■ **Problem description**
Pictures are to be omitted; everything else in the data must be transcribed exactly.

■ **Supplied material**

-------

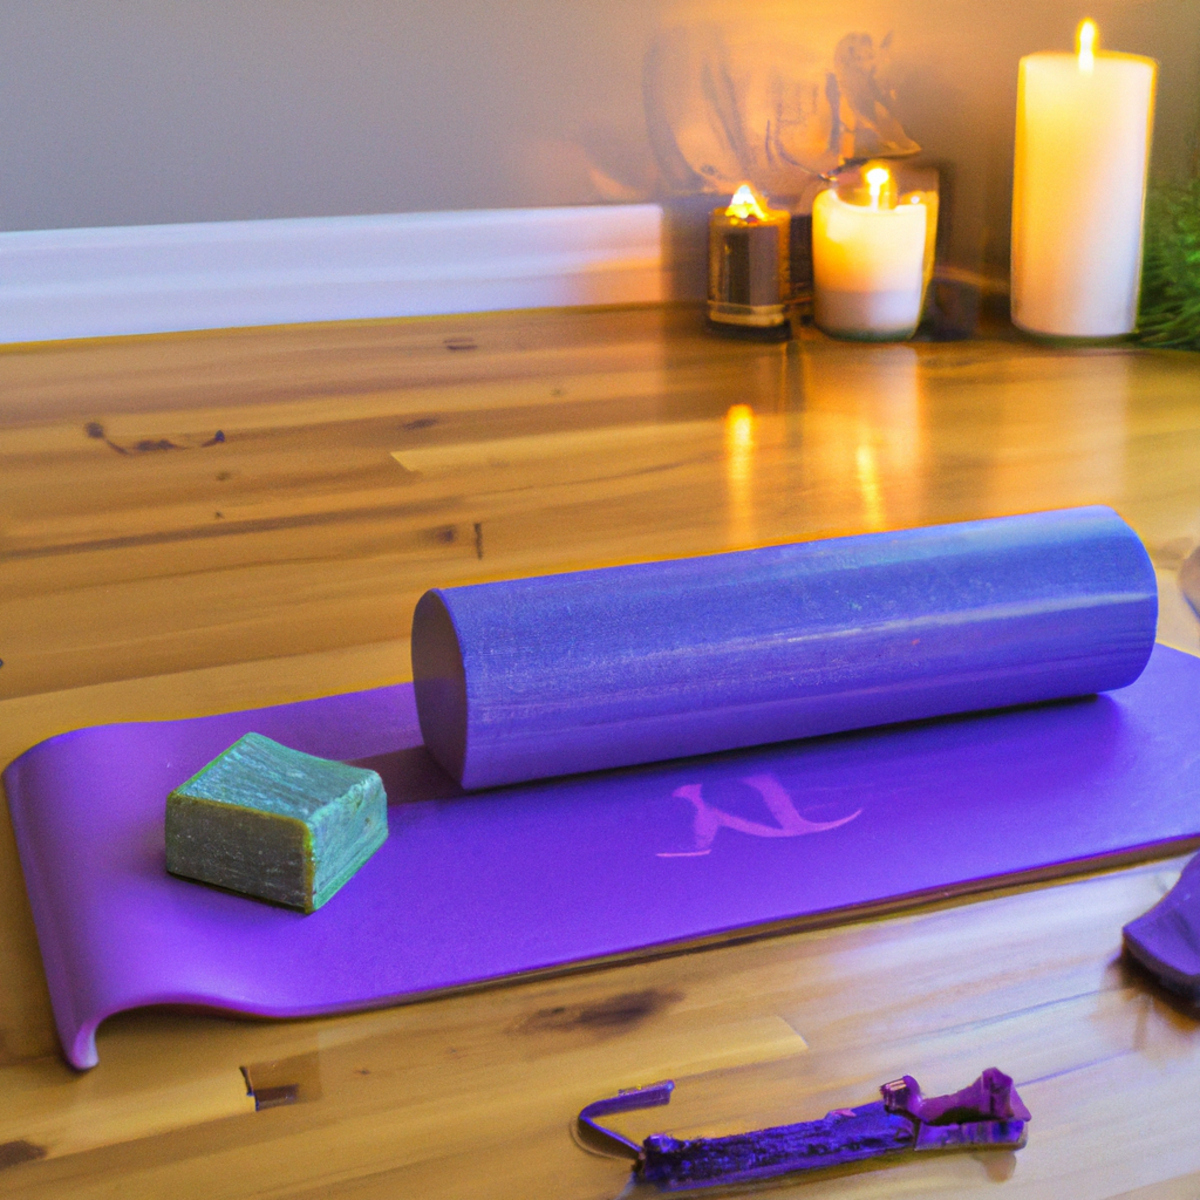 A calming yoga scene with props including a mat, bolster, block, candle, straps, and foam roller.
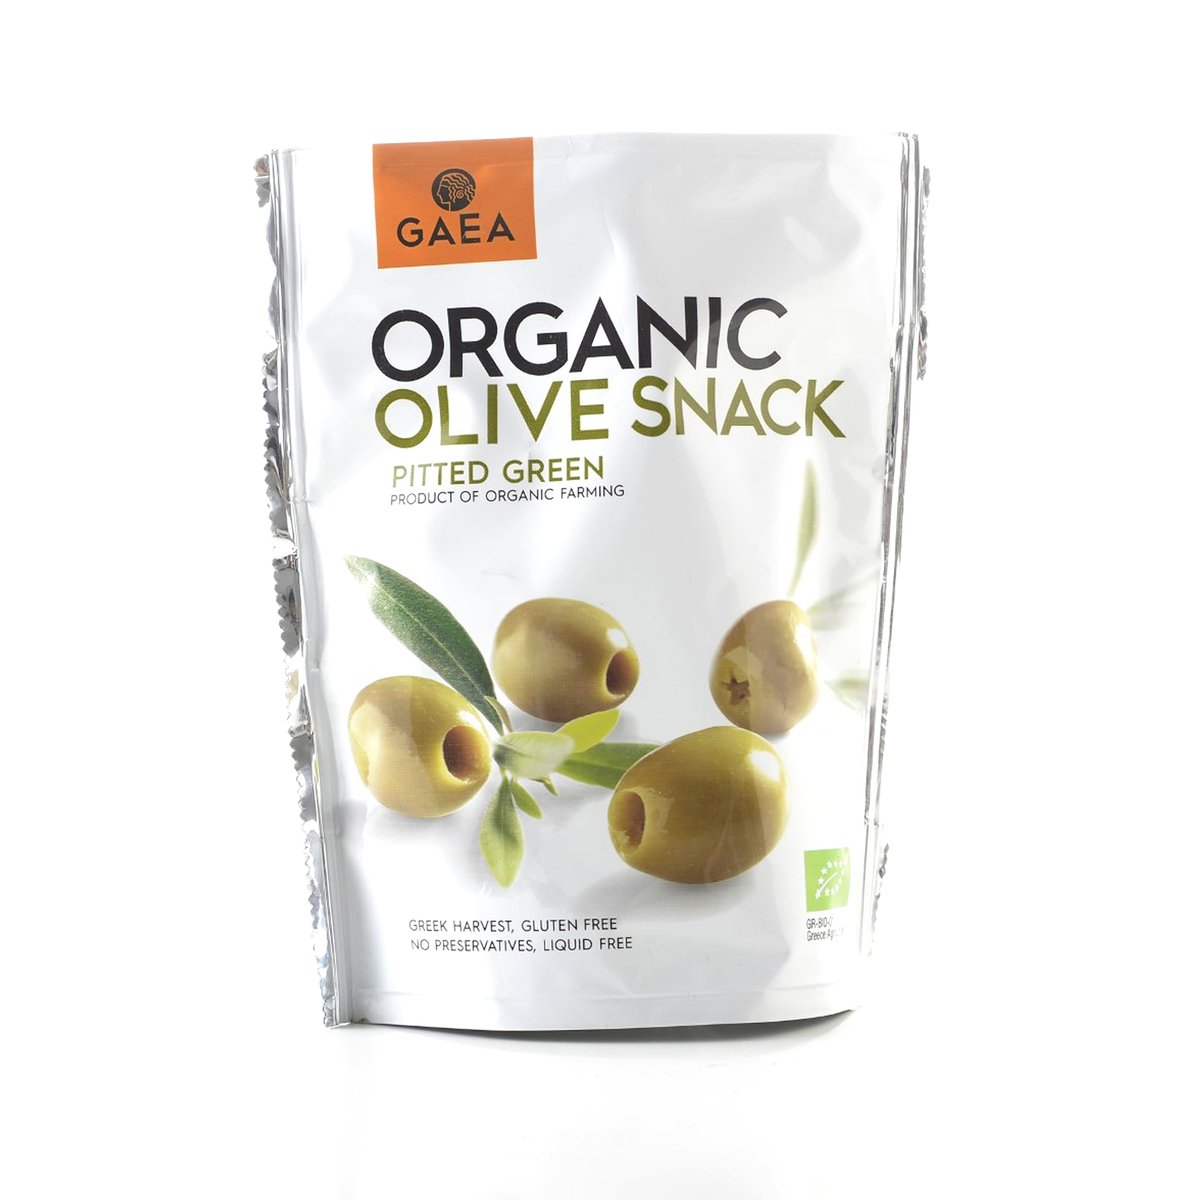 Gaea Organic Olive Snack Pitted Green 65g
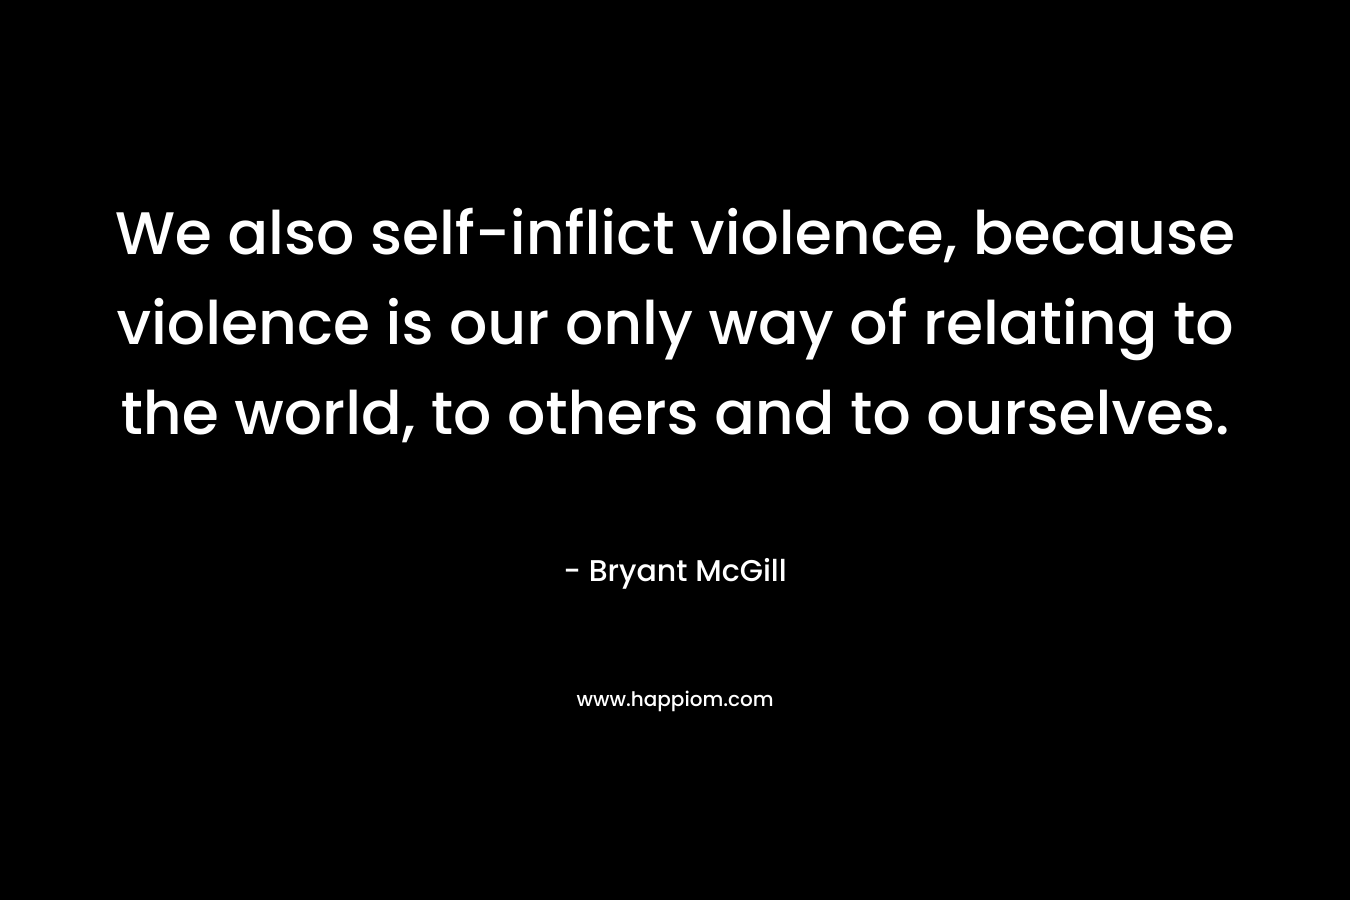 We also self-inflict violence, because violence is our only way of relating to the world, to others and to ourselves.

-------

■ **Output below**
 A calming yoga scene with props including a mat, bolster, block, candle, straps, and foam roller.
 Gaea Organic Olive Snack Pitted Green 65g
 We also self-inflict violence, because violence is our only way of relating to the world, to others and to ourselves.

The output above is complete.